From pixels to possibilities
NSF's investments are driving real-world applications of AI and image recognition technologies, including:
Unlocking facial expressions
Throughout the decades, NSF investments have advanced real-time facial expression recognition. This work produced AI systems capable of identifying facial movements and expressions, including automated versions of the Facial Action Coding System used to measure subtle muscle activity.
These advances directly informed real-world applications, from Sony’s smile-detection cameras to emotion-analysis platforms developed by Emotient, Inc., later acquired by Apple in 2016.
The face of innovation
In the 1990s and 2000s, NSF-funded research advanced key methods in facial recognition, including Eigenfaces for representing faces using linear algebra and the Viola–Jones framework for real-time facial detection in video.

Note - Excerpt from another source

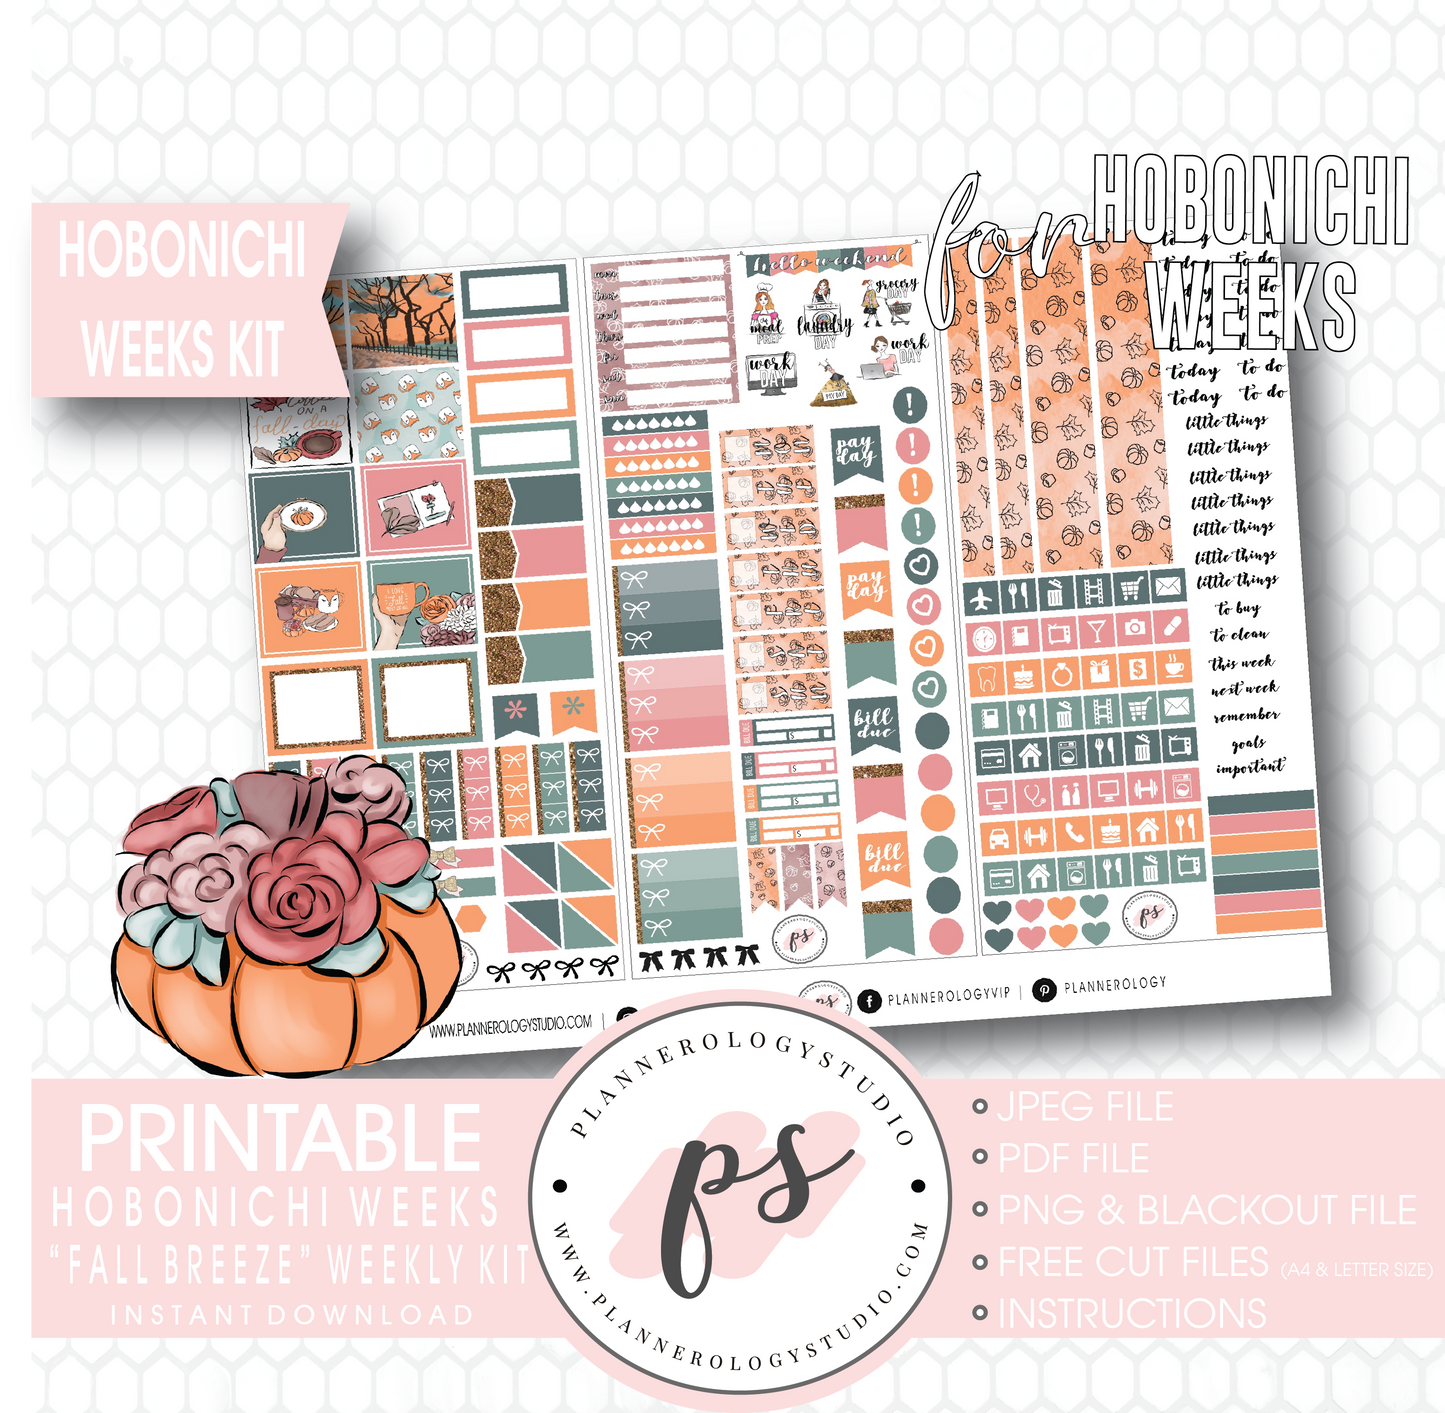 Fall Breeze Weekly Kit Printable Digital Planner Stickers (for use with Hobonichi Weeks) - Plannerologystudio

Continued NSF-supported advances in AI have enabled technologies that are part of everyday life — unlocking devices with facial recognition, sorting and searching digital photos, and improving security, such as helping DMV employees detect ID fraud.
Precision in production
In 2024, NSF-supported researchers introduced MaViLa (Manufacturing, Vision and Language), an AI model that "sees" inside factories to interpret visual data and suggest real-time fixes — from detecting 3D-printed flaws to fine-tuning machines for greater precision and efficiency.
Cultivating smarter agriculture
NSF investments in the early 2010s helped Blue River Technology, now a subsidiary of John Deere, develop a tractor-mounted robotic system that uses image recognition — powered by deep learning and computer vision — to distinguish between crops and weeds in real time.
In the clinic
NSF Small Business Innovation Research awardee Caption Care, acquired by GE HealthCare Technologies in 2023, uses deep learning to guide medical professionals in capturing and interpreting ultrasound images. By combining object recognition with real-time analysis, their tools expand access to high-quality diagnostics.
Flying into focus
Developed with NSF support, the Merlin Bird ID app allows bird watchers and outdoor enthusiasts to recognize birds by sight and sound. Using image and audio recognition, Merlin can identify birds across different species, angles and postures — directly on a mobile phone.
Pixels to purchase
NSF-supported startup GrokStyle Inc. built on academic research in fine-grained visual recognition to create an AI tool that helps consumers and retailers find exact or visually similar items. Meta Platforms acquired GrokStyle Inc. in 2019.
Tracking fast-moving wildfires
NSF-supported researchers are using AI to analyze drone-captured imagery of wildfires, revealing the conditions that fuel rapid fire spread. Their "fast fire risk" framework will help communities better anticipate danger and reduce wildfire impacts.
The future in focus
NSF investments continue to shape how AI sees and understands the world. By advancing deep learning architectures, neural network designs, and next-generation AI tools and datasets, NSF is driving progress in image recognition — opening new pathways to scientific discovery, fueling innovation and transforming the way AI impacts industry and daily life.